Ringsum nur Risikogebiete? Den Urlaub in den Nachbarländern mit Test und / oder Quarantäne büßen? Deutsche Urlauber entdecken das Camping. Wohnwagen und Wohnmobile werden in ungekannten Mengen gebaut und verkauft. Urlaub im Freien, keine Platzreservierung und Maskenpflicht, was könnte schöner sein.
Also angespannt und los – wenn es denn so einfach wäre. Mitte September, die Schulferien sind vorüber, vorsichtshalber eine Anfrage bei dem kleinen Naturcampingplatz am Rande des Pfälzer Waldes. Die Region früher immer nur durchfahren auf dem Weg nach und von Frankreich, eine Wissenslücke. Die Antwort sagt alles über die aktuelle Lage am Campingmarkt. Ausgebucht bis in den Oktober hinein. Nanu, in dieser Jahreszeit ausgebucht? Nun, die Pfalz kann man sich auch ein anderes Mal ansehen. Elsass, Südfrankreich, das ganze Ausland ist viel zu riskant (obwohl dort die Campingplätze leer sind), also Markgräflerland. Auch hier fragt man vorsichtshalber an, und es gibt freie Stellplätze.

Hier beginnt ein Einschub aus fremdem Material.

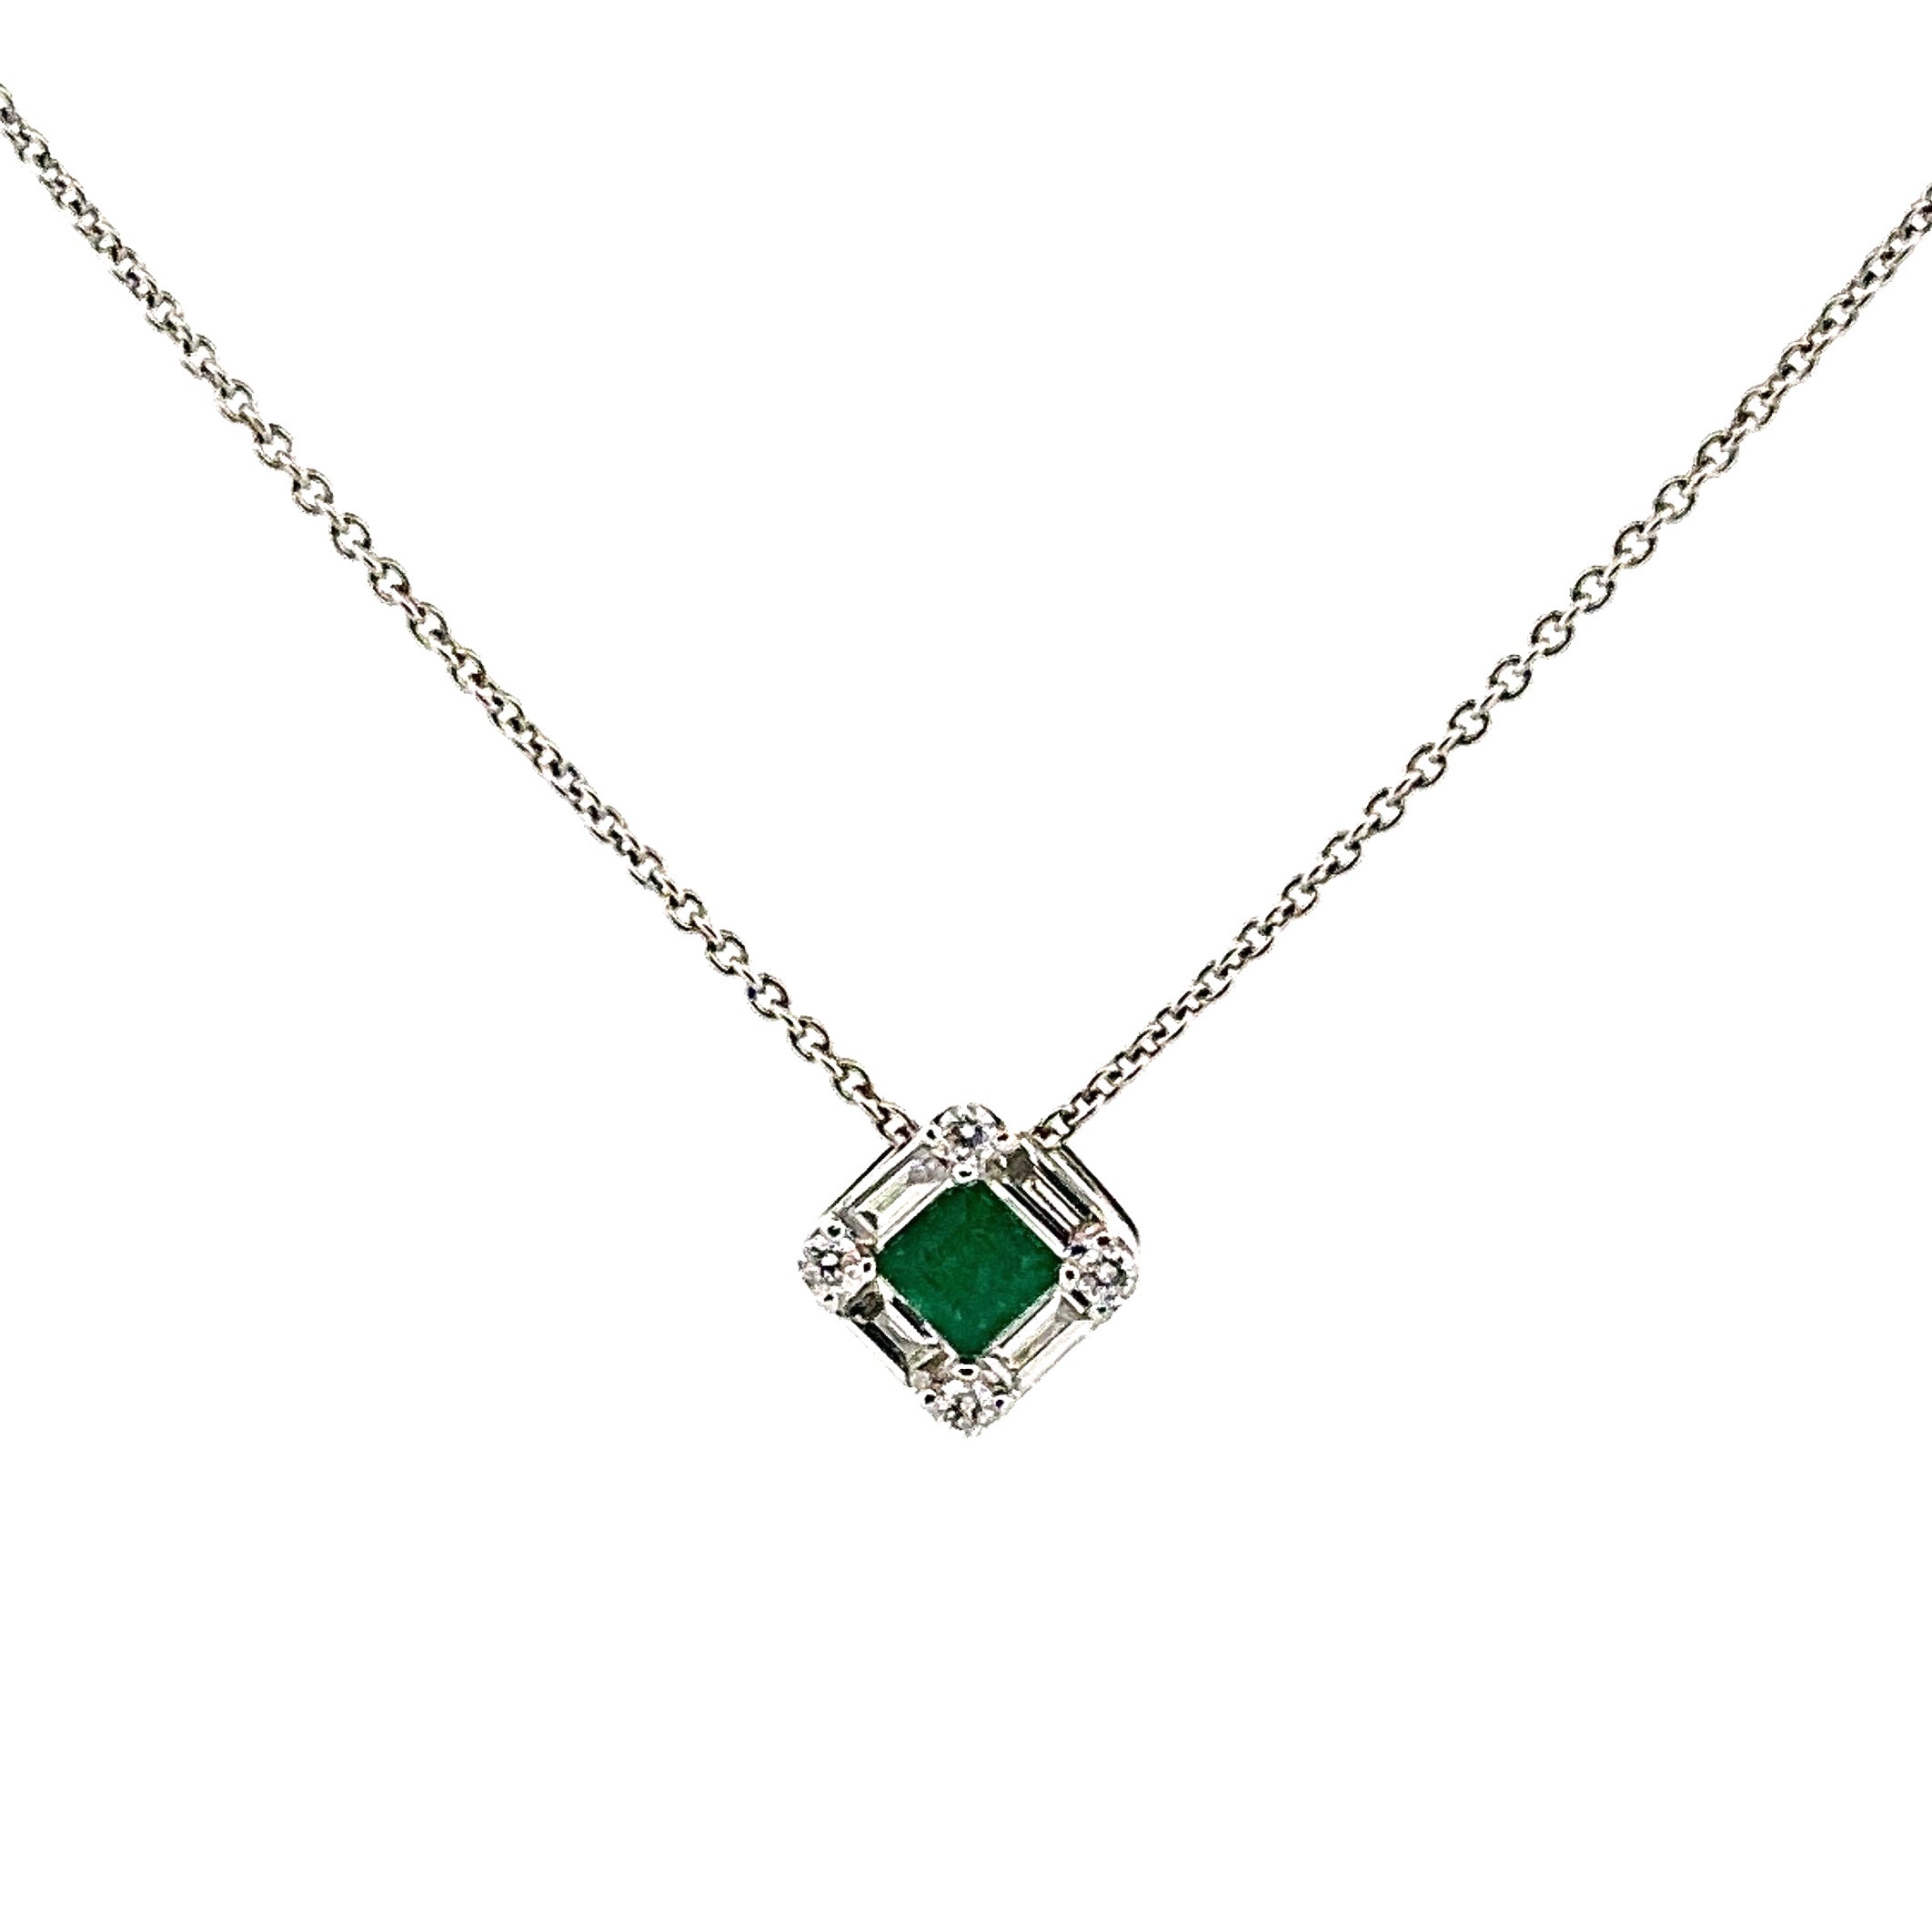 9ct white gold emerald pendant chain

Die Überraschung trifft wie der Blitz. Der Campingplatz in Badenweiler hat einen Platz reserviert. Anders als in Vorjahren aber ohne Rücksicht auf den konkreten Caravan. Aussicht zur Mauer. Die ist bewachsen, aber wollte man das? Und der Campingplatz ist voll. Voll bis zum Rand. So voll, dass die Betreiber es selbst nicht fassen können. Dicht gedrängt stehen Caravans und all die vielen nagelneuen Wohnmobile. Blankes Blech, lang und hoch aufgetürmte Schlachtschiffe. Rangieren mit Getöse, ihre LKW-Motoren sind laut. Kaum stehen sie, surrt die Satellitenschüssel auf dem Dach in Position. Dann werfen die Besitzer sich in die Sonnenliegen und rösten sich. Wie am Meeresstrand. Am Abend gibt es Lichtspiele. Wo die Platzbetreiber aus guten Gründen mit Licht gespart haben, lassen die mobilen Schlachtschiffe es krachen. LED-Ketten an der Dachkante beleuchten kalkweiß die ganze Umgebung, strahlend hell. Seht her, so teuer war dies Ding, so hell können wir es machen.
Parkplatzatmosphäre verbreitet sich, Großstadtparkplatz. Auch Caravans sind keine Schönheiten, aber sie sind kleiner; bringen den Charme der Gartenlaube mit, das zugehörige Auto kann auch auf dem separaten Parkplatz verschwinden. Das Wohnmobil bleibt Lastwagen. Man begreift voll Kummer: Diese vielen neuen Wohnmobile müssen ja irgendwo bleiben; sie vermehren sich wie die Karnickel und sind plötzlich eingesperrt, können nicht mehr in die weite Welt und ballen sich im Lande. Dort ist der Platz begrenzt.
Aus der Traum vom Campen in der Natur? Nicht ganz, der Traum ist noch nicht verloren. Nur die Bedingungen ändern sich. Wohnmobile, zeigt die Erfahrung, sind Fahr-Zeuge, unentwegt wollen sie unterwegs sein. Hier ein paar Tage, dann weiter wo anders hin, immer auf der Flucht. Wolken am Himmel? Schnell weiter, die Sonne muss scheinen. So auch im September in Badenweiler. Bei 30 Grad dösen alle in der Sonne; dann kommen Wolken auf, und das große Wohnmobil-Rennen geht weiter.
Regen? Nach dem Regen sind fast alle Wohnmobile weg, die „klassischen“ Camper mit ihren Caravans bleiben. Genießen die Weite. Die Ruhe. Das Dunkel am Abend. Und fühlen sich sicherer vor Corona-Erregern, wenn sie die Sanitäranlagen nutzen – mit Masken und viel Abstand. Demnächst kommen sie gleich erst im Oktober.